Nothing should appear in the answer except the lines from the one with "10 Lines on Dwarkadhish Temple in Hindi" through the end of the listing below, transcribed exactly and without pictures.

• DATASET SECTION:
:::
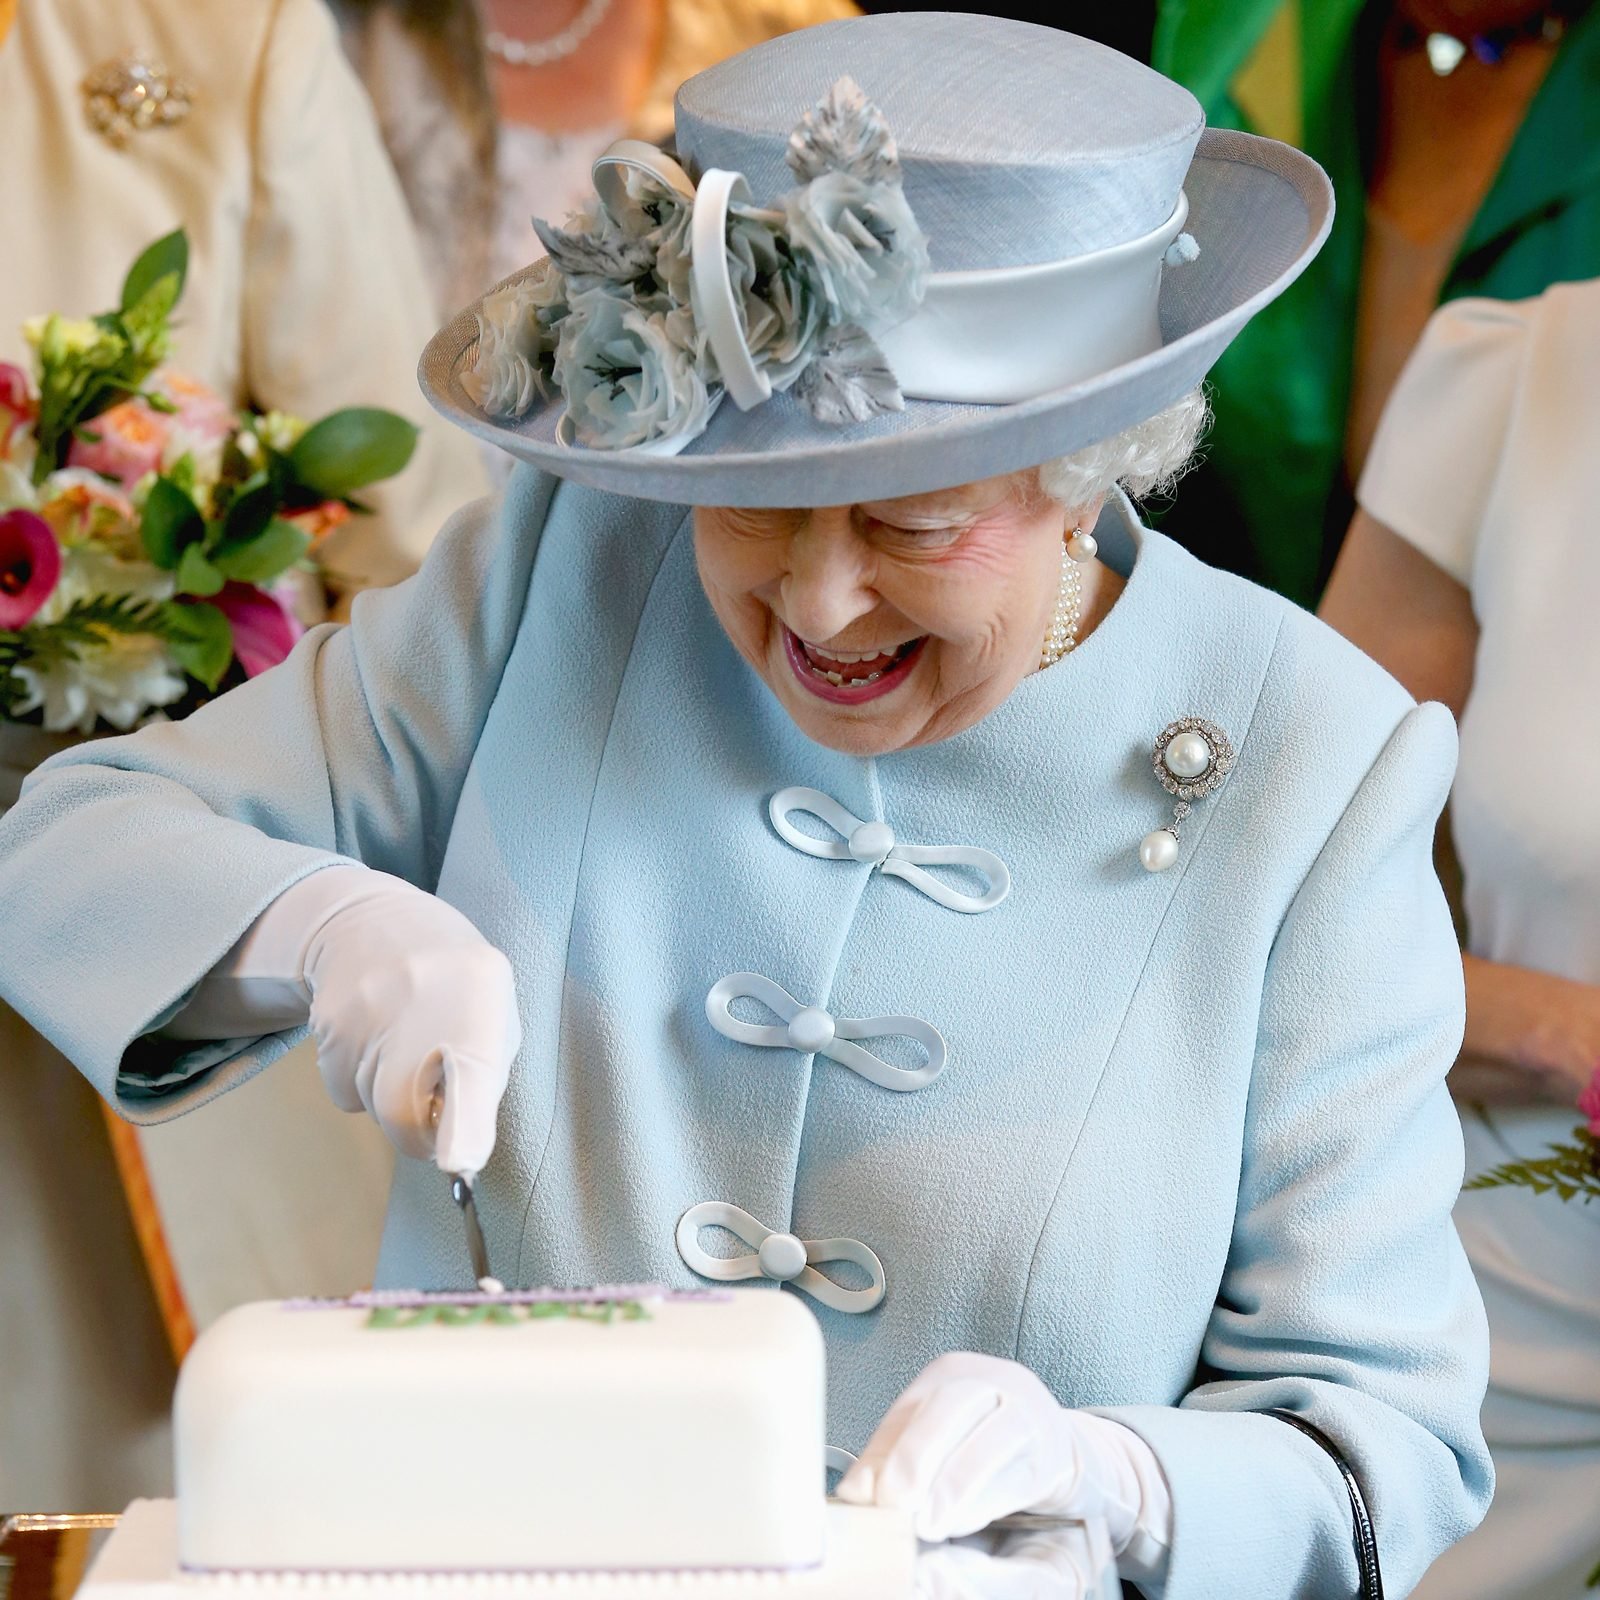 Why Did Queen Elizabeth Have Two Birthdays?
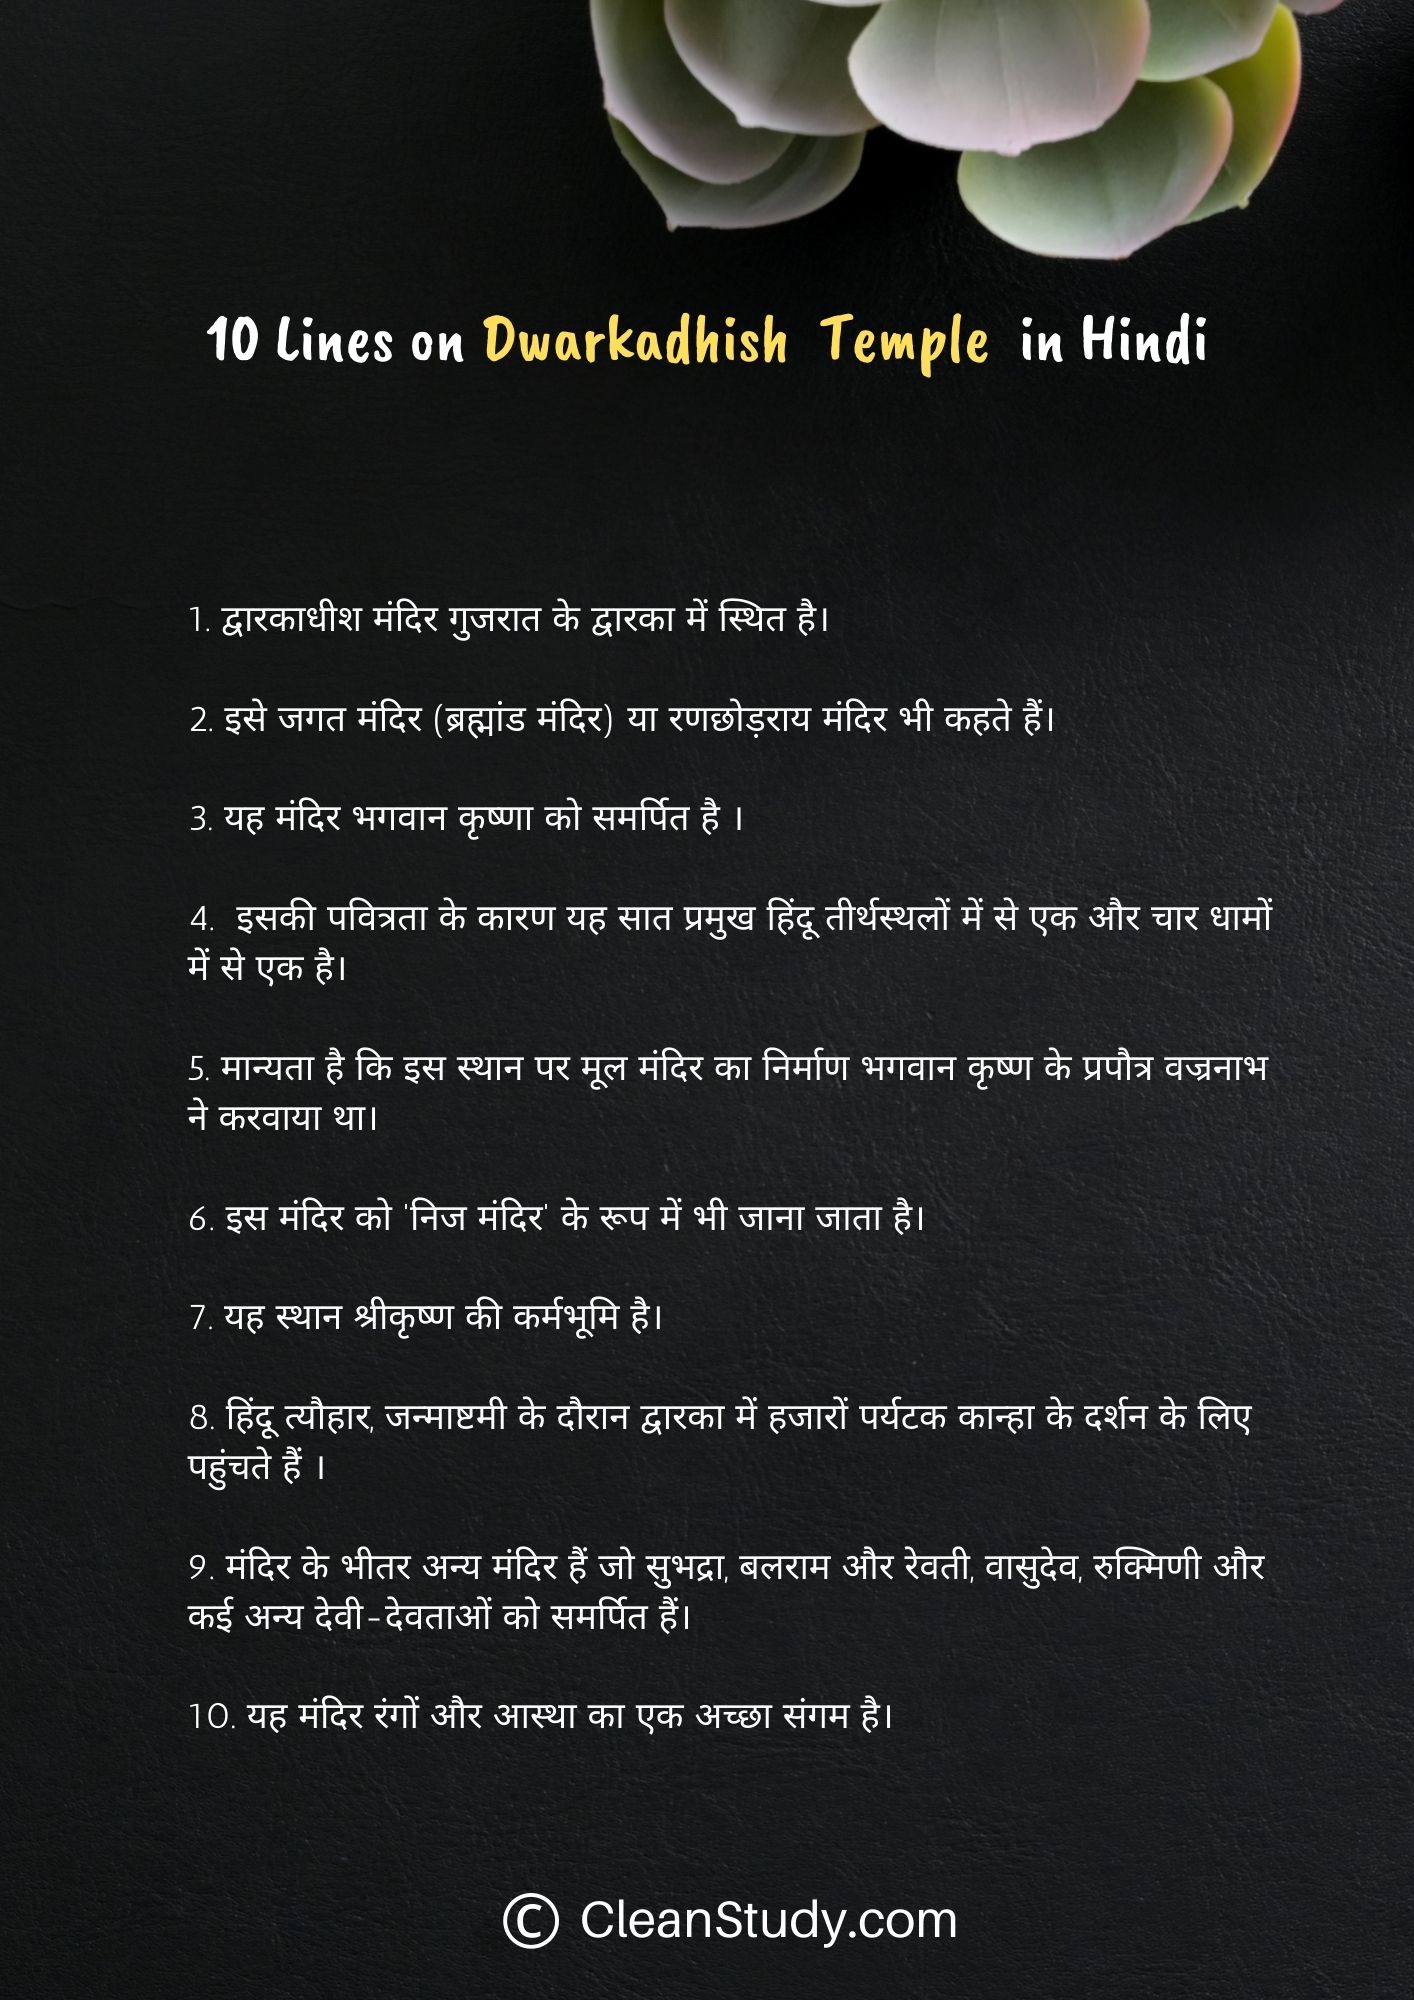 10 Lines on Dwarkadhish Temple in Hindi
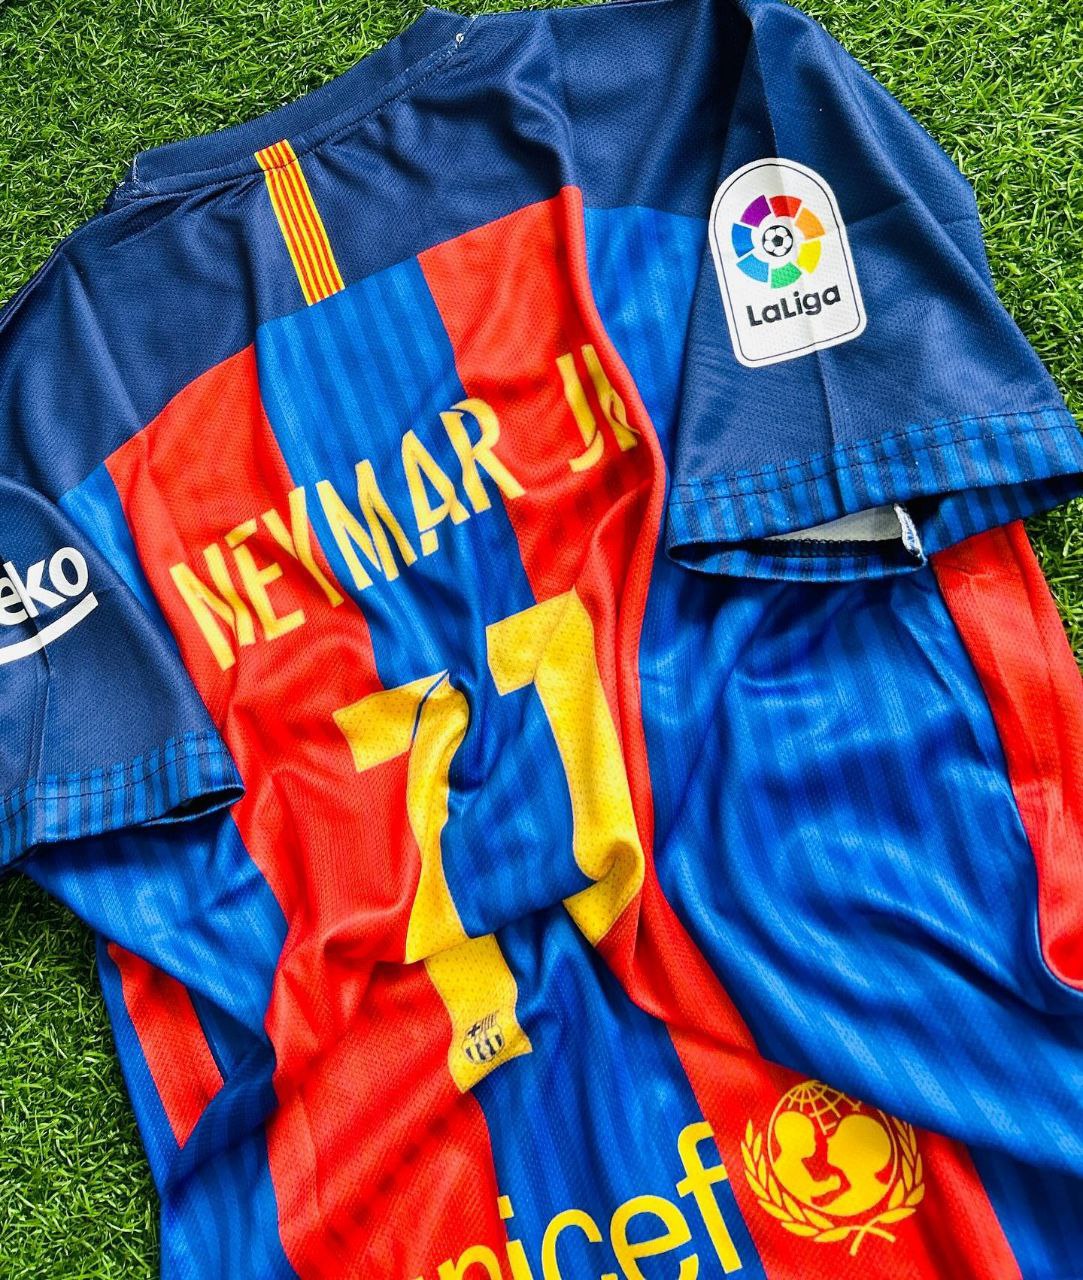 Neymar Jr. Barcelona Retro-Trikot
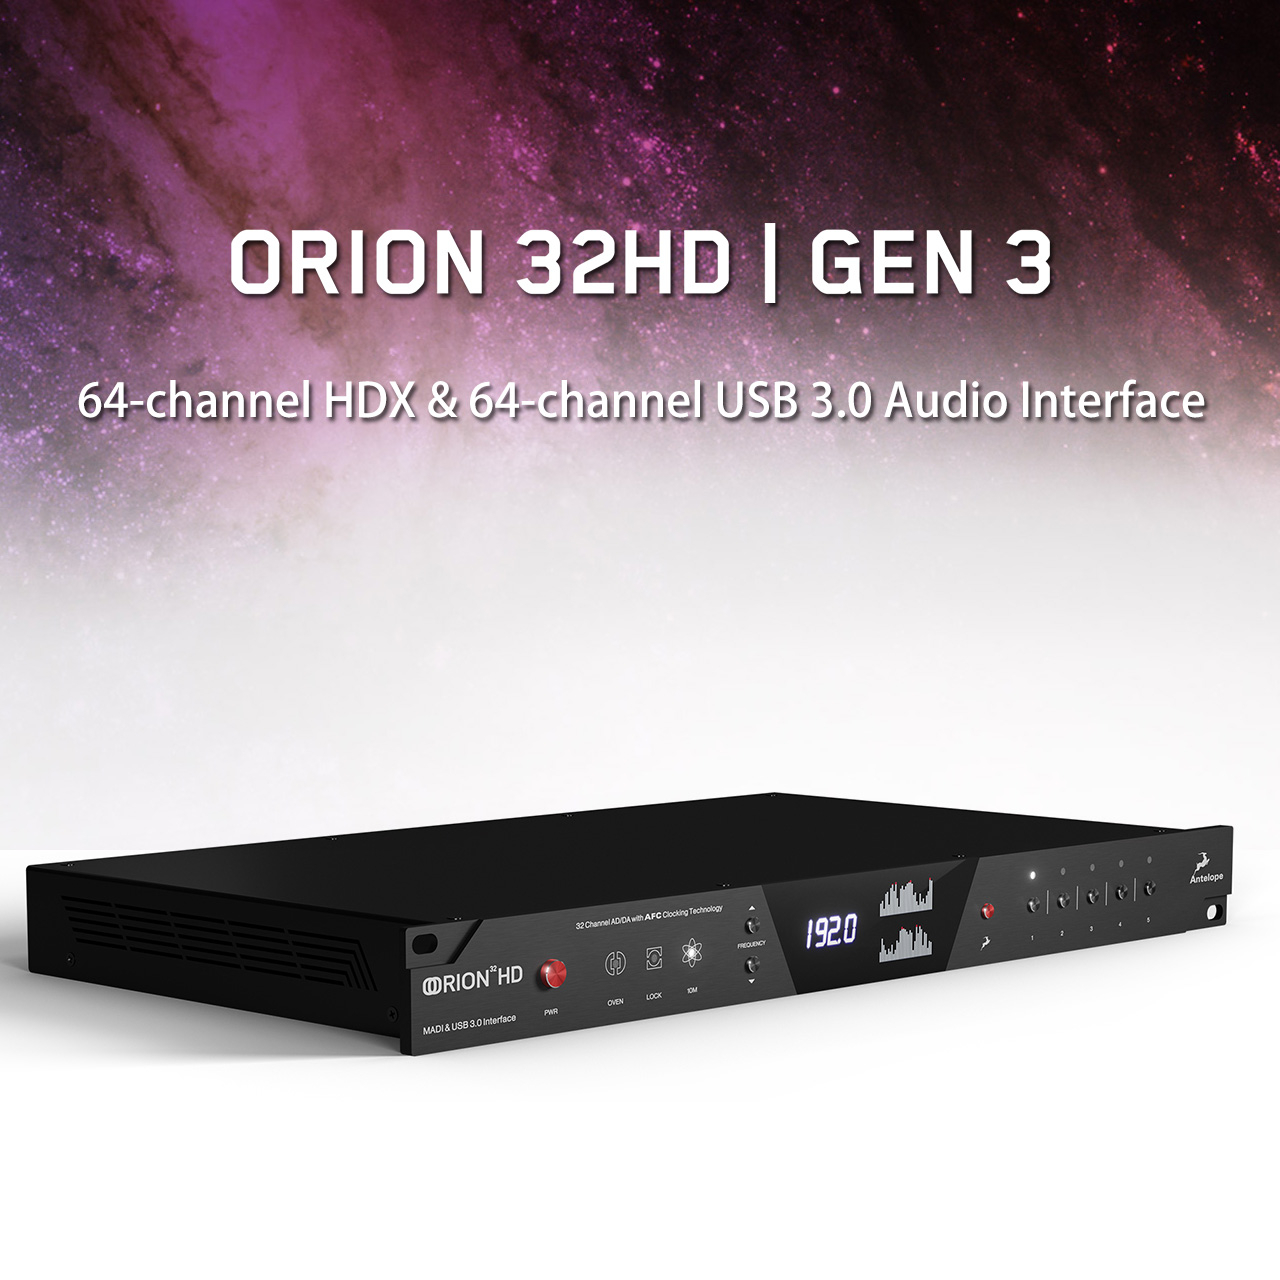 Orion 32 HD | Gen3 / HDX & USB3.0 Interface
:::
• YOUR SOLUTION:
 10 Lines on Dwarkadhish Temple in Hindi
 Neymar Jr. Barcelona Retro-Trikot
 Orion 32 HD | Gen3 / HDX & USB3.0 Interface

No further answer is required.